Bait
bait is a build and integration tester
Backstory
https://github.com/DFTi/Scribbeo-motion already is designed in such a way that it vendors our existing iOS (completely written in Objective-C) application https://github.com/DFTi/Critique
This gave us a Ruby(Motion) environment where UIAutomator is available using MacBacon (like rspec)
As a Ruby on Rails developer, this was invaluable... But the iOS developers we hired disliked it and did not maintain the RubyMotion stuff.
Fast forward a year or so later and the app is complex, has no test suite, and our QA testers can barely keep up.

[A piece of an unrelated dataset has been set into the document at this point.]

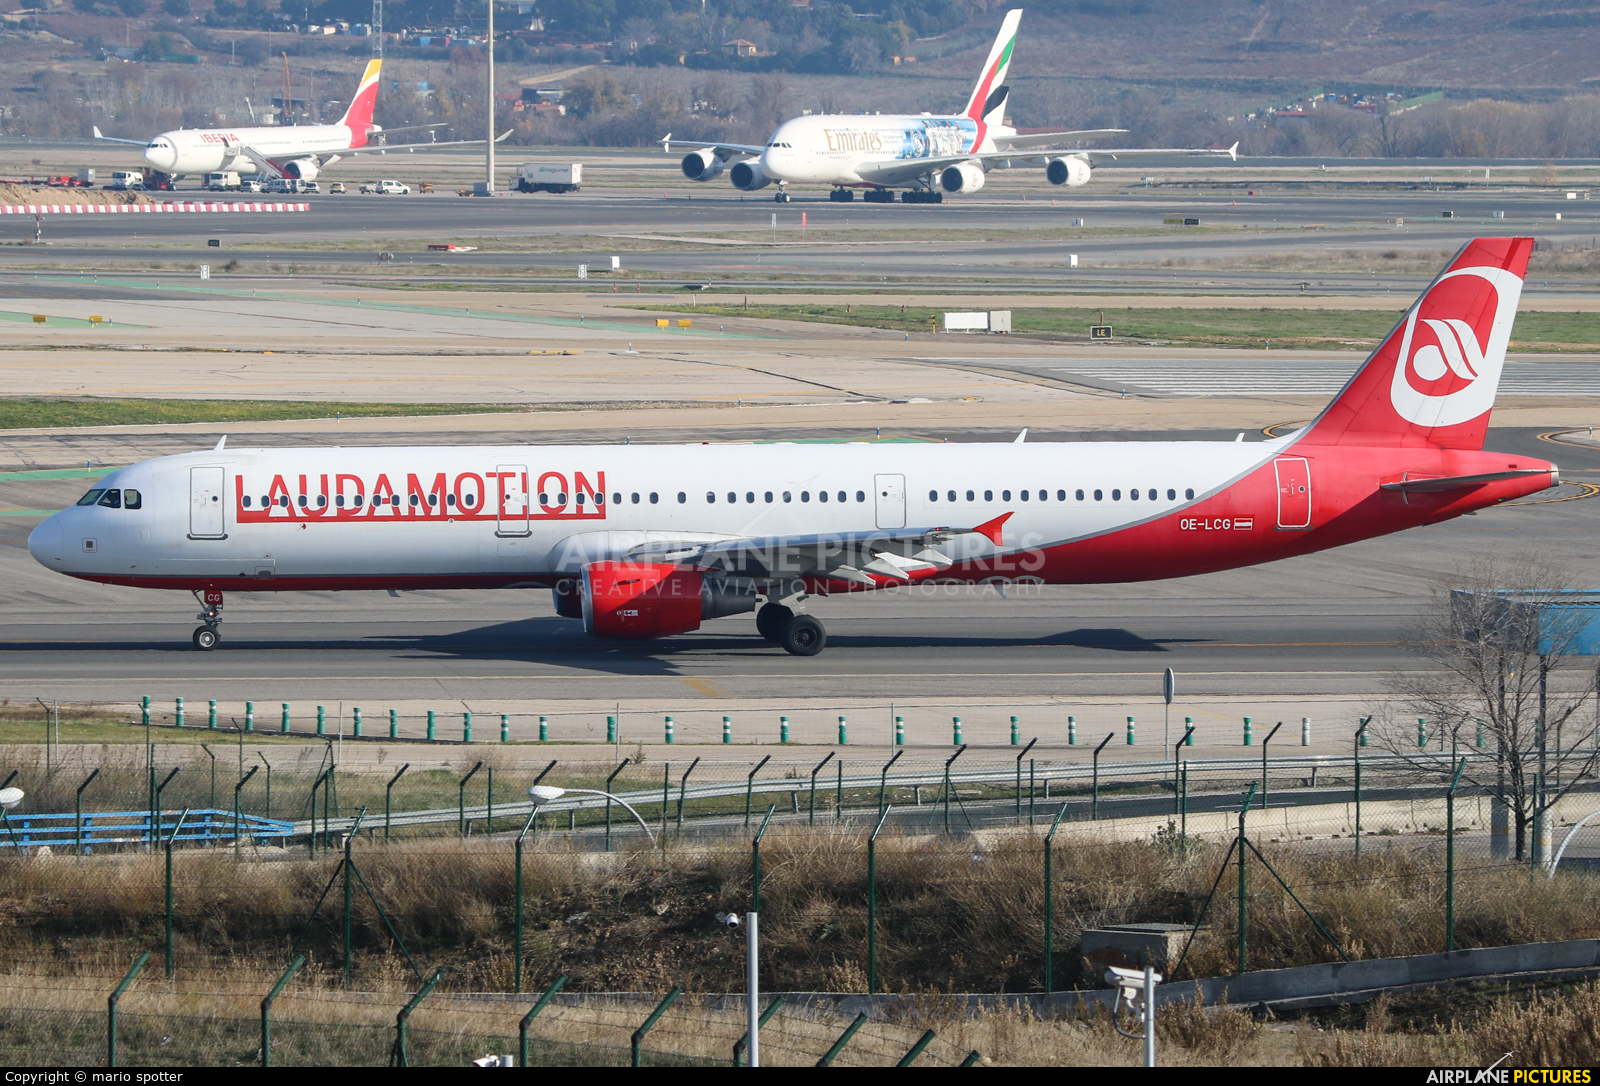 LaudaMotion OE-LCG aircraft at Madrid - Barajas

Scribbeo-motion proved that this works, and so bait is a service I'm envisioning for as the first stop between Github and the rest of my continuous integration pipeline.
Architectural Overview
Github POST bait:80/
______________________ \./
| Mac OS X 10.8 | |
| w/ RubyMotion | |
| ---------------- +---------+----------------+
| +---+---+ |
| | API |----[haml]------- you
| +---+---+ |
| | |
| +---------+--+ |
| |Bait::Build | |
| +---+-----+--+ |
| \|/ /|\ |
| \|/ /|\ |
| \[build]\ |
| \|/ /|\ |
| \|/ /|\ |
| +------------+ |
| [.bait/test.sh]------|Bait::Tester| |
| +------------+ |
| |
+-----------------------------------------------+
Bait::Build -- Persistent ToyStore
Bait::Tester -- Runs your tests and updates build accordingly
Created with JavE
Functional Overview
Github Webhook Support
bait provides a Sinatra endpoint for the github push event webhook.

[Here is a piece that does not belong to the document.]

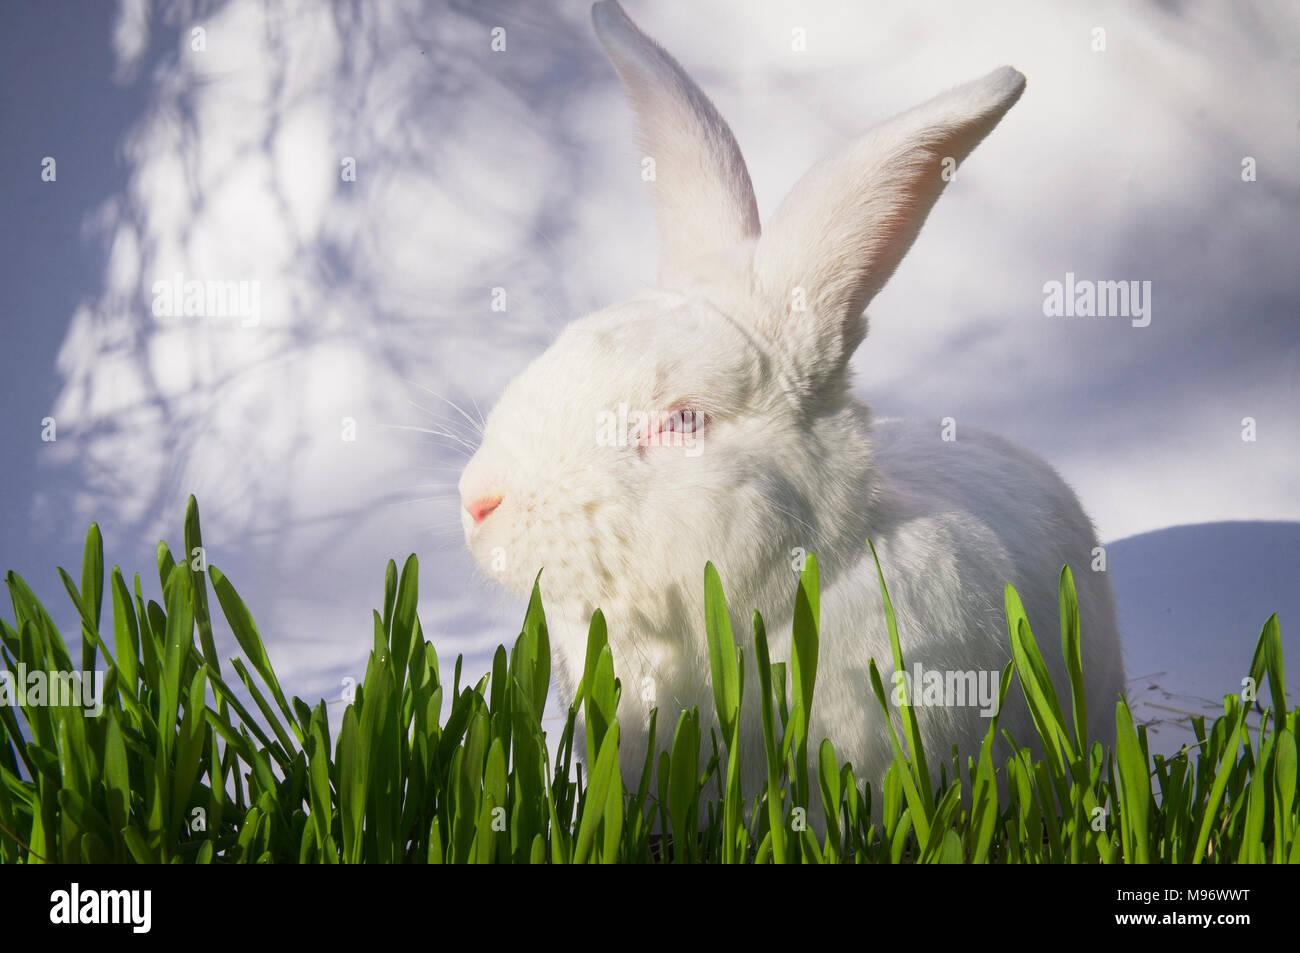 Ostern Bunny Hase Weiss Grun Gras Saen Dekoration Abbildung

When the repo is cloned, an bait executes a file relative to your
project. This file must exist in order to use bait: .bait/test.sh
.bait/test.sh
In this file you will run your test suite. Be sure to make it
executable chmod a+x .bait/test.sh
This file should output whatever you want to STDOUT/STDERR and return the correct exit value.
Examples
Ruby / Rails Example (RSpec)
[project root]/.bait/test.sh
#!/bin/bash
bait_dir=$(dirname $0)
project_dir="$bait_dir/.."
cd $project_dir
echo "bundling"
bundle install > /dev/null 2>&1
bundle exec rspec spec
RubyMotion Example
[project root]/.bait/test.sh
#!/bin/bash
bait_dir=$(dirname $0)
project_dir="$bait_dir/.."
cd $project_dir
export BUNDLE_GEMFILE=$project_dir/Gemfile
echo "bundling"
bundle install > /dev/null 2>&1
bundle exec motion-specwrap
There is a bug in RubyMotion where the exit value isn't reported properly, that's why we are using motion-specwrap to run the tests and report the correct exit value
Objective-C ?
So you can see how bait will run any test suite via arbitrary bash scripts upon a Github hook.
But how exactly will it help add a ruby test suite to an Obj-C app?
Watch this spot for some examples soon; essentially we'll be doing this in Ruby using bait::Wrap::ObjC or some such :)
Future
Static Code Analysis
Integrate metric-fu for ruby apps and OCLint for objective-c apps. Report these in Redis.